ACTIVITY
While you copy the lines below, skip the pictures and keep the rest exact.

RAW DATA
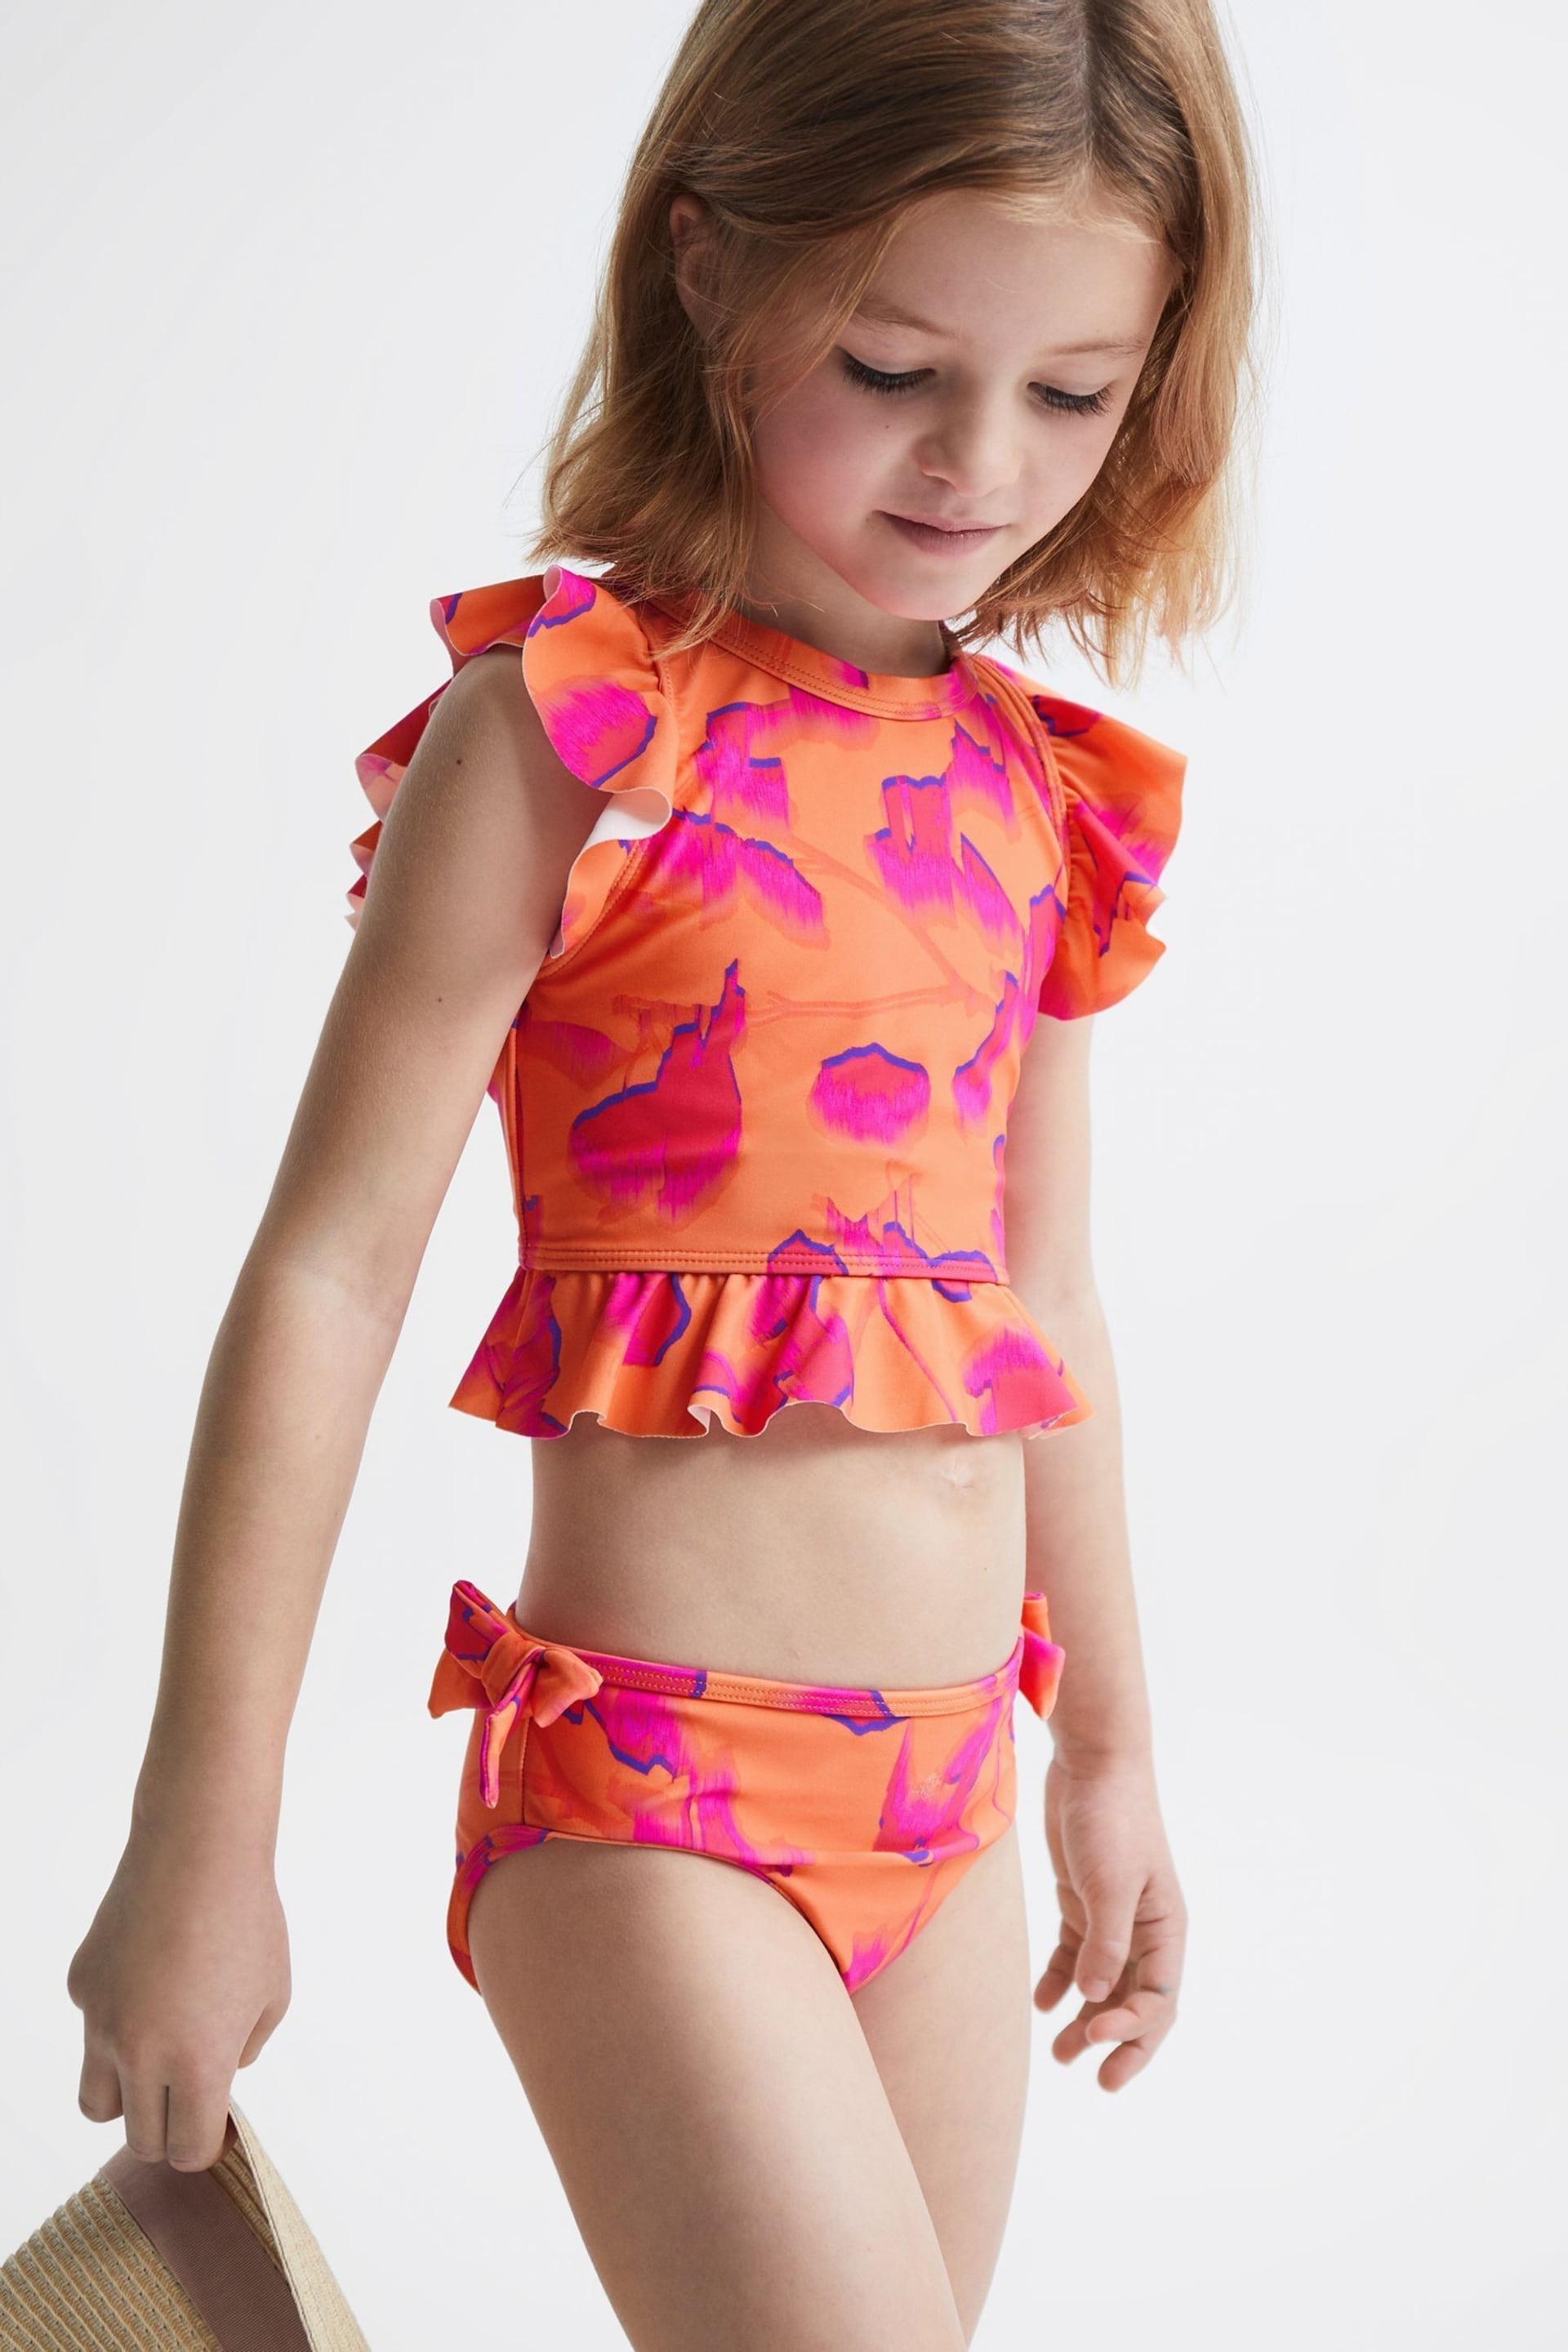 Reiss Orange Print Lilly Junior Floral Bikini Set - Image 1 of 5
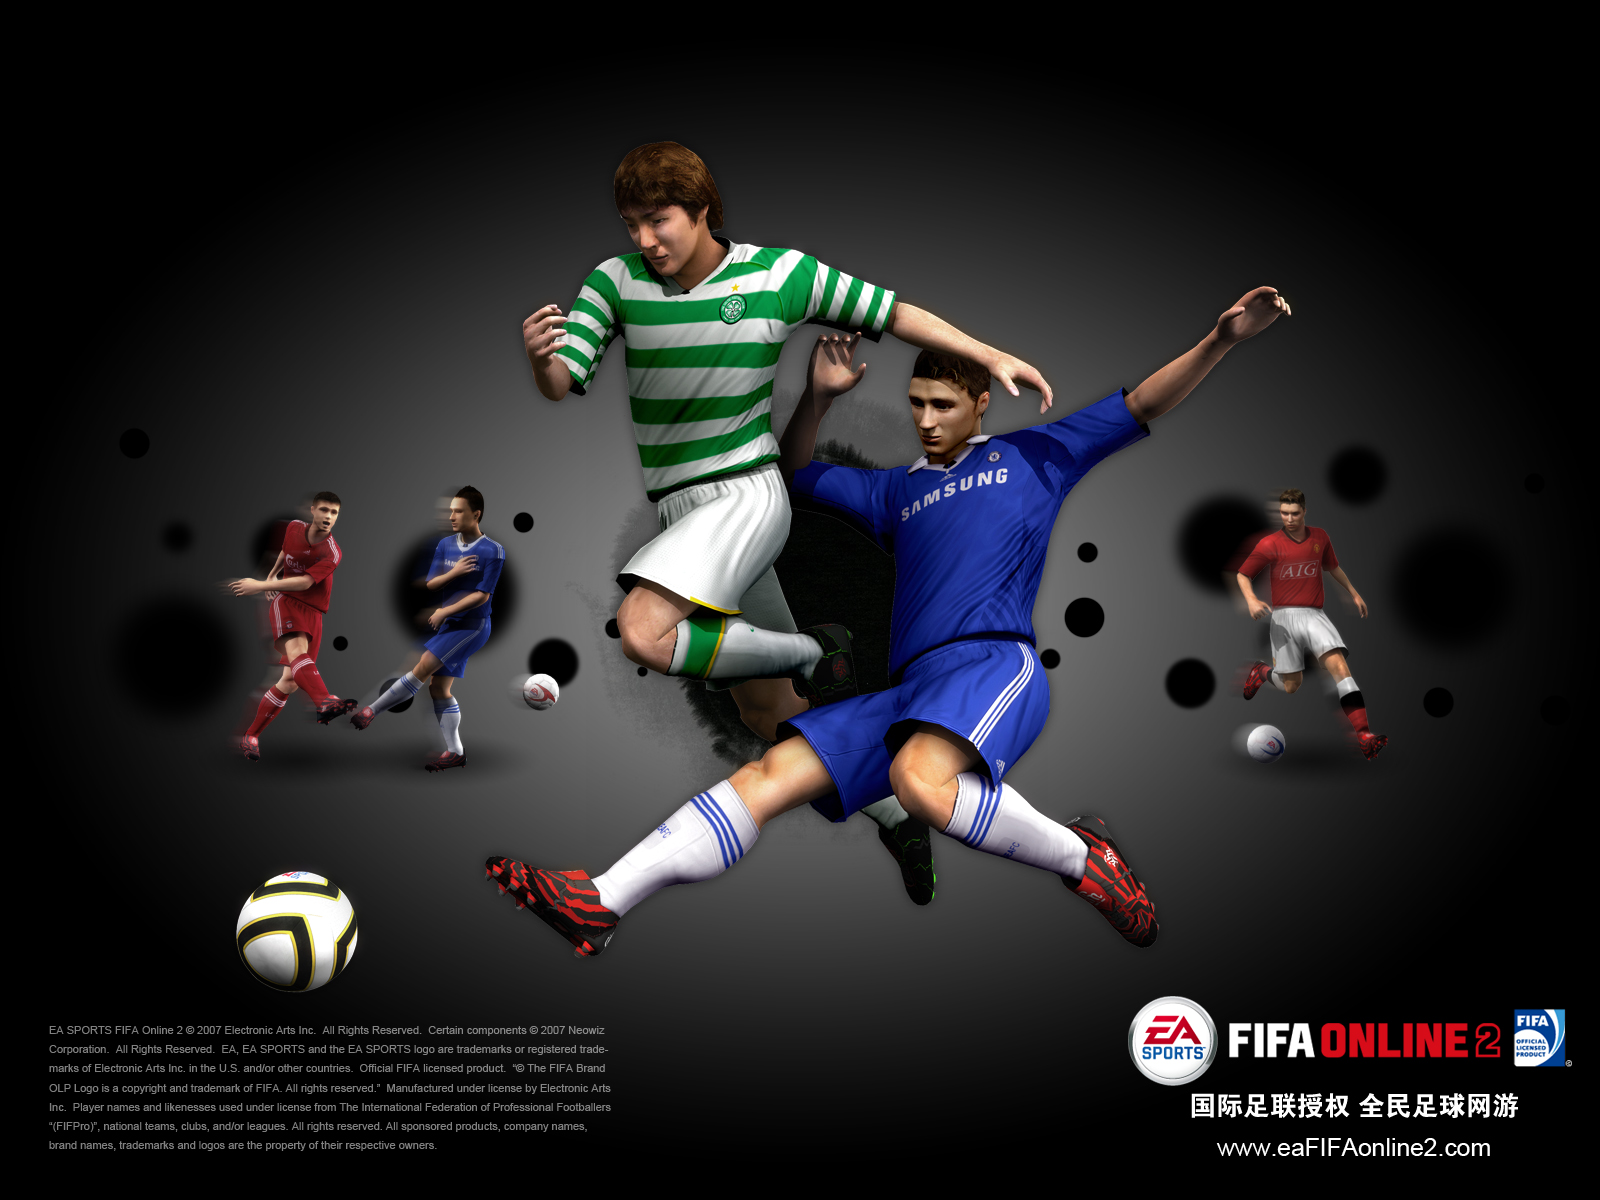 EA SPORTS FIFA Online 2 网络足球游戏
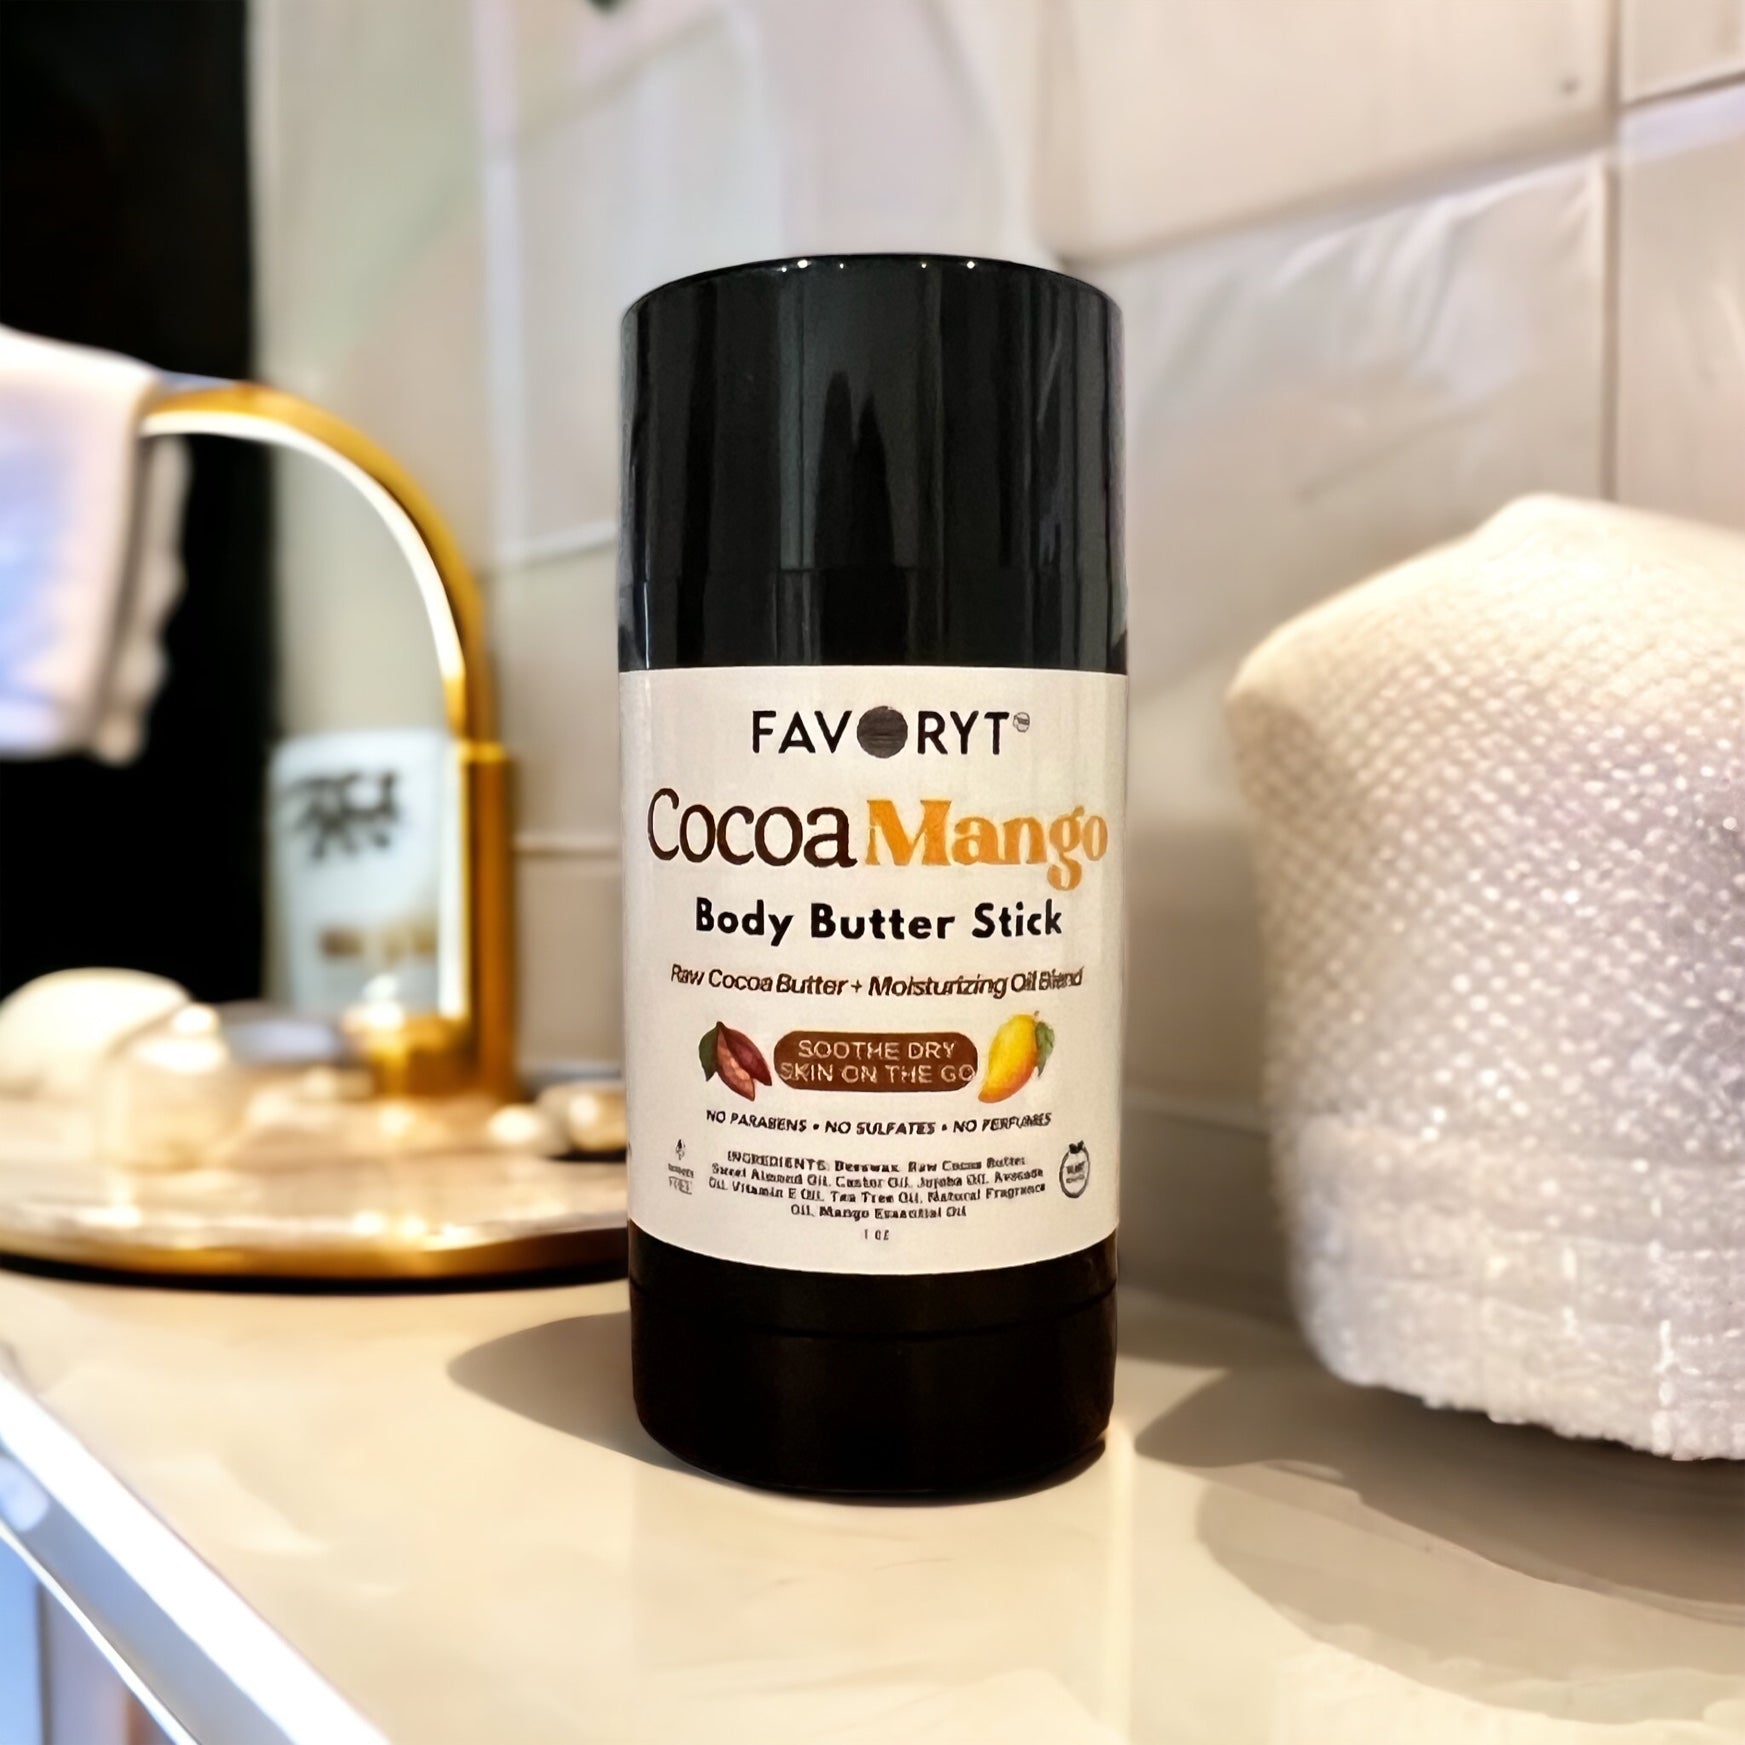 Cocoa Mango Cocoa Butter Skin Balm Stick - FAVORYT BRAND

WRITTEN SOLUTION
 Reiss Orange Print Lilly Junior Floral Bikini Set - Image 1 of 5
 EA SPORTS FIFA Online 2 网络足球游戏
 Cocoa Mango Cocoa Butter Skin Balm Stick - FAVORYT BRAND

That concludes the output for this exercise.